# Do turtles get along?



## ToatsMcGoats (Jul 8, 2010)

Alright, so currently I have a black fin shark, a dwarf frog, dragonfish, and what looks like a black oranda goldfish(never checked the name, I just call him Knothead) and I would like to get a turtle. Apparently, they are illegal to sell in Georgia, so I have to wait till I go to Florida to buy one. Would the turtle be okay in the tank I currently have, or should I get something new for him?


----------



## mousey (Jan 18, 2005)

won't the turtle eat the fish??
A friend who has a turtle stocks the pond area of her tank with goldfish so it has a ready supply of food.
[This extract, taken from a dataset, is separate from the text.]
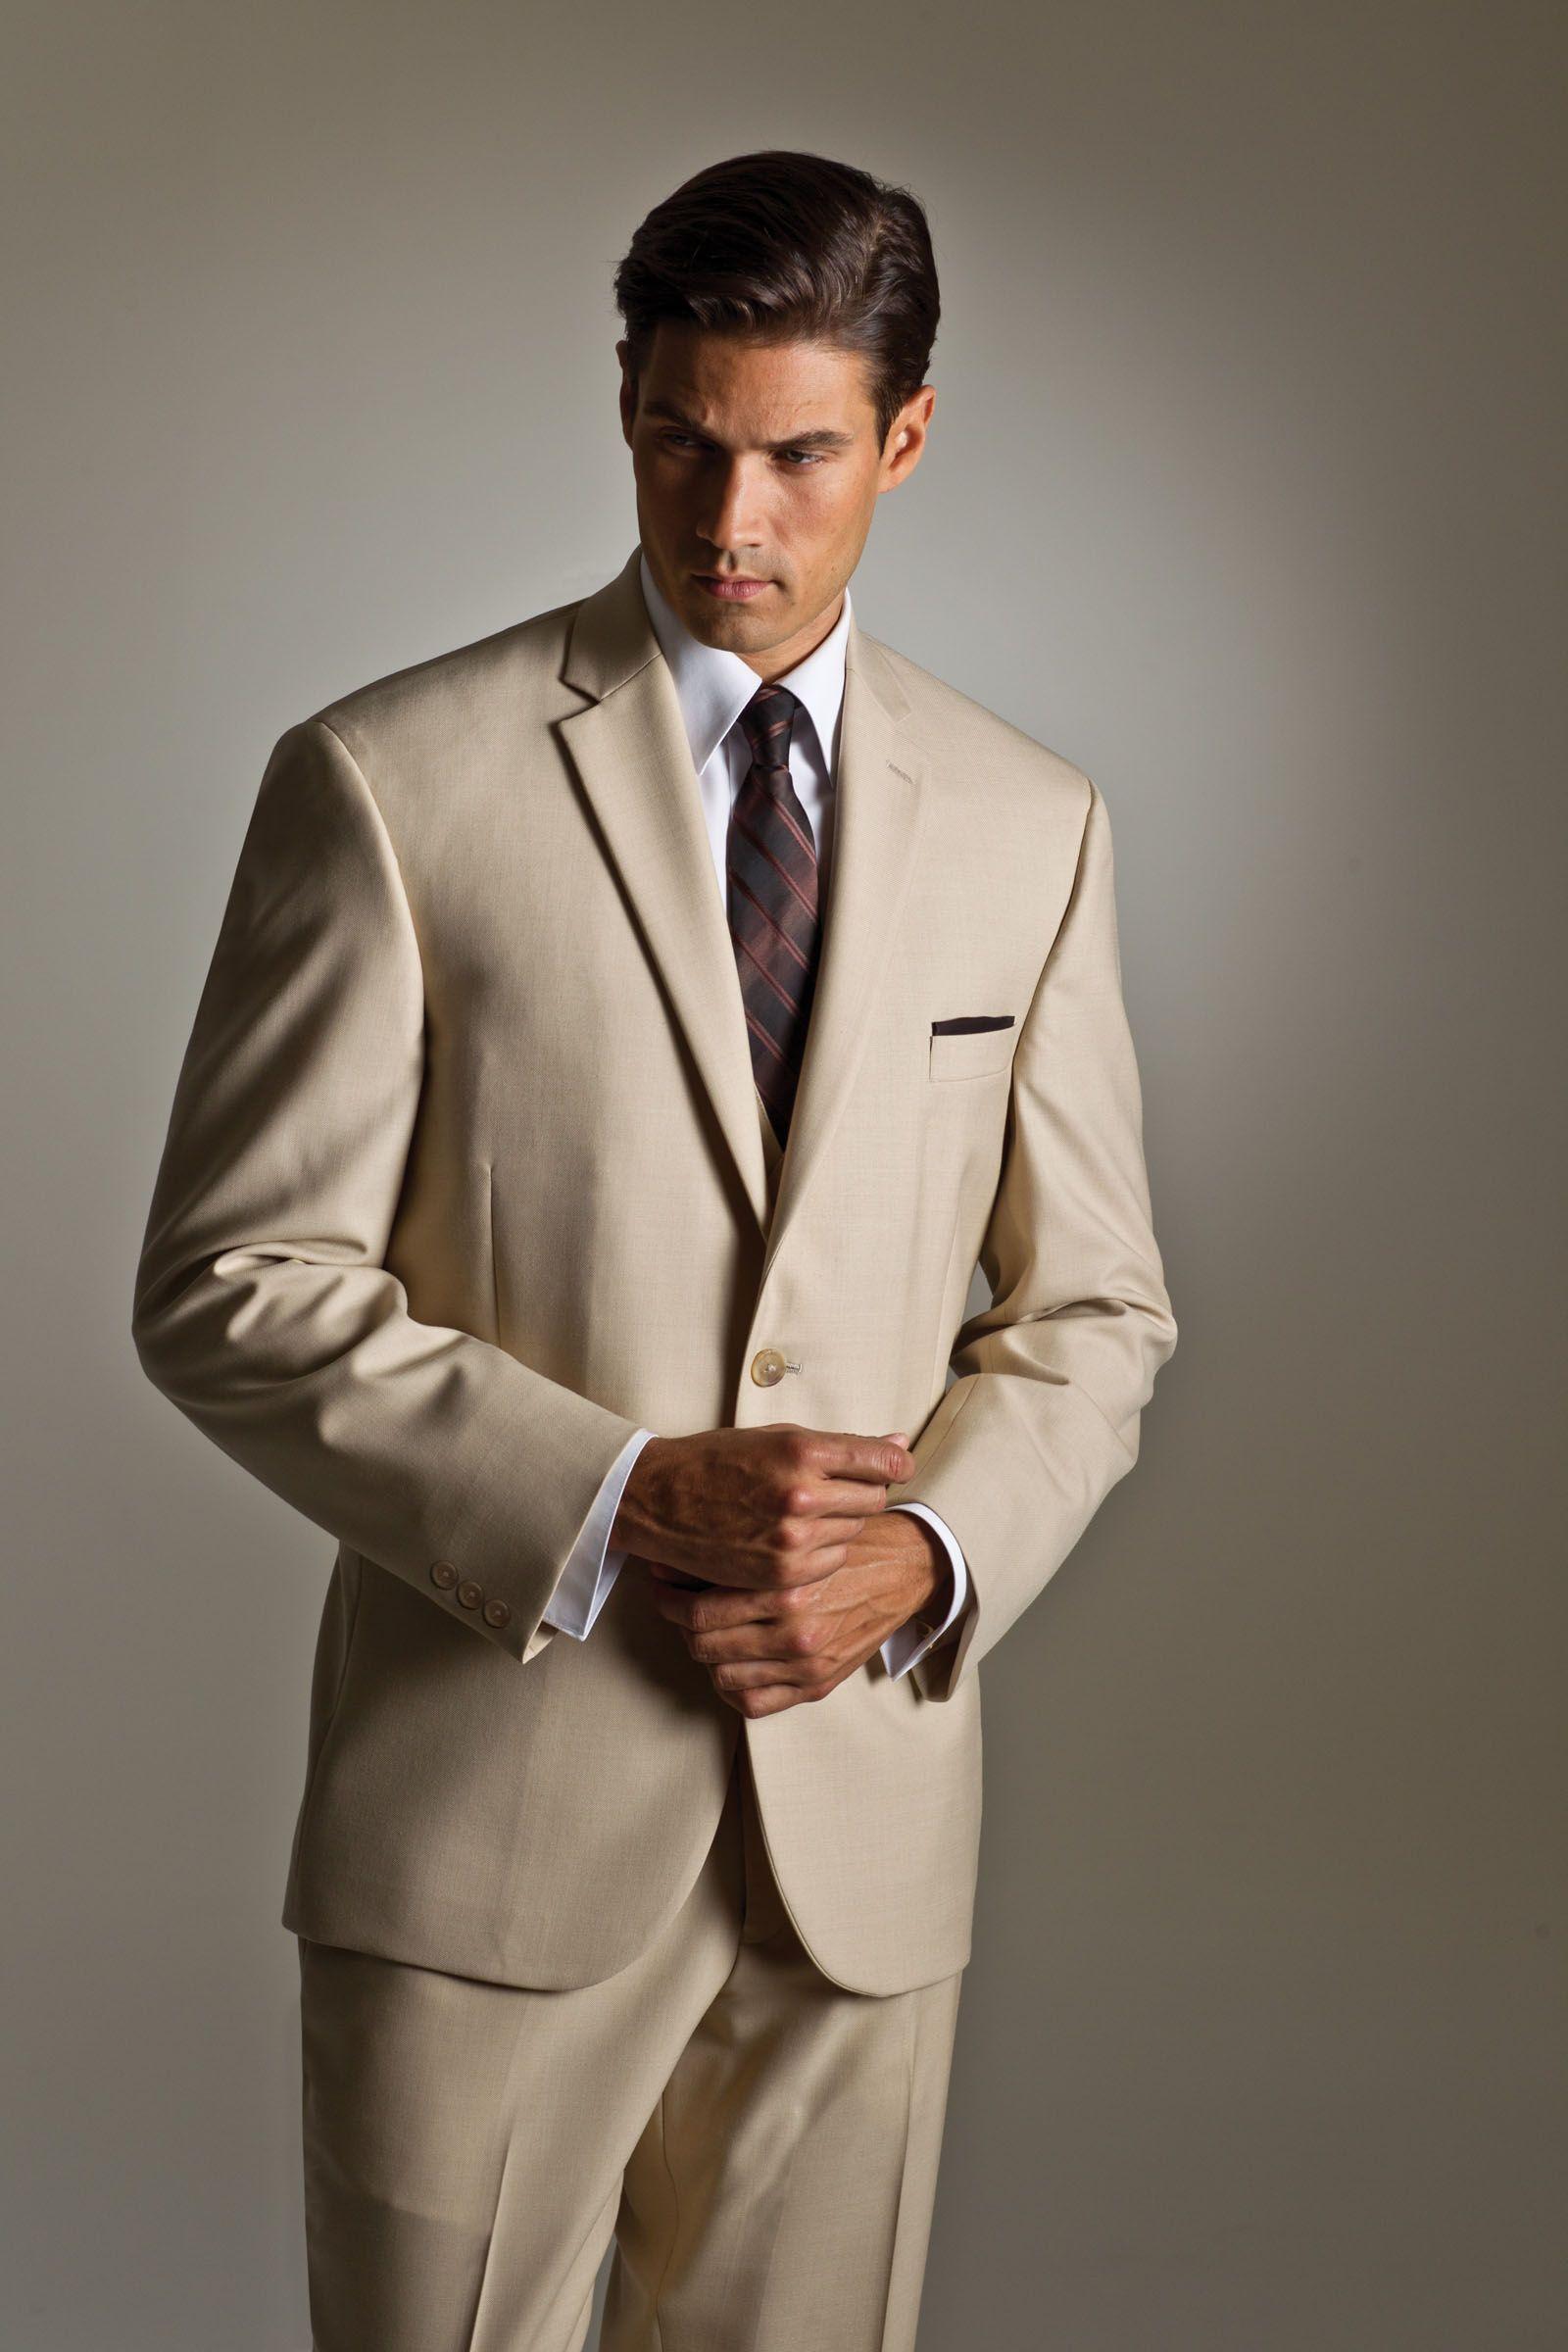 Lord West Horizon Tan Suit Available April 1, 2014
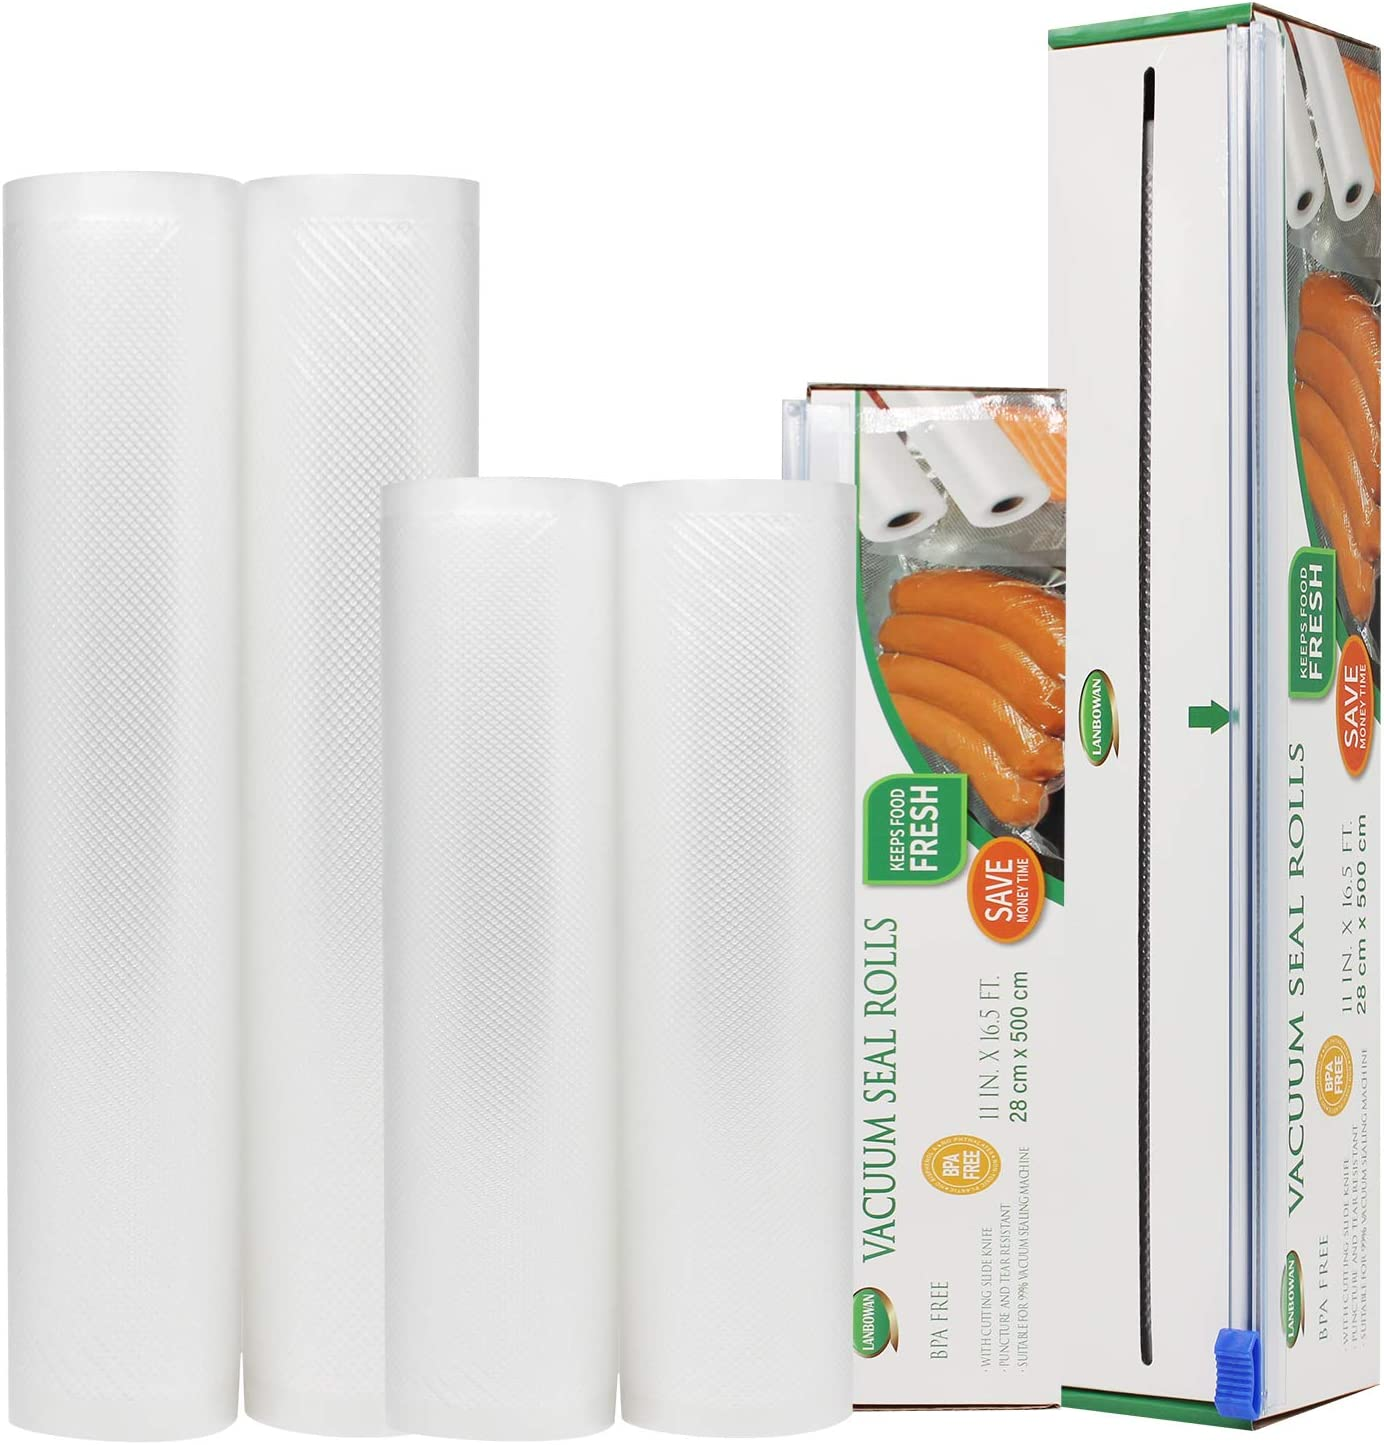 Vacuum Sealer Rolls Bag LANBOWAN Food Saver Vacuum Sealer Roll Bags with Cutter Box BPA-Free for Vac Storage Meal Prep Sous Vide (2 rolls 8

Also turtles seem to need an area where they can get out of the water so the shells don't get too soft and some people say they need a red light on the tank so they get the proper sun rays.
Just repeating what I have been told.


----------



## Mikaila31 (Nov 29, 2009)

turtles need a large tank. They also need a basking area with UVA and UVB bulbs otherwise they will suffer health problems. They are heavy waste producers, so also need heavy filtration. They may also harm your fish.


----------



## JimW/Oscar (Jul 4, 2010)

Mikaila31 said:


> turtles need a large tank. They also need a basking area with UVA and UVB bulbs otherwise they will suffer health problems. They are heavy waste producers, so also need heavy filtration. They may also harm your fish.


Yeah what Mikaila said.

Also you have a cold water fish mixed in with tropicals, hopefully you have the tank heated for the tropicals (which would stress the goldfish). They'd all be turtle food, cold and hot plates.


----------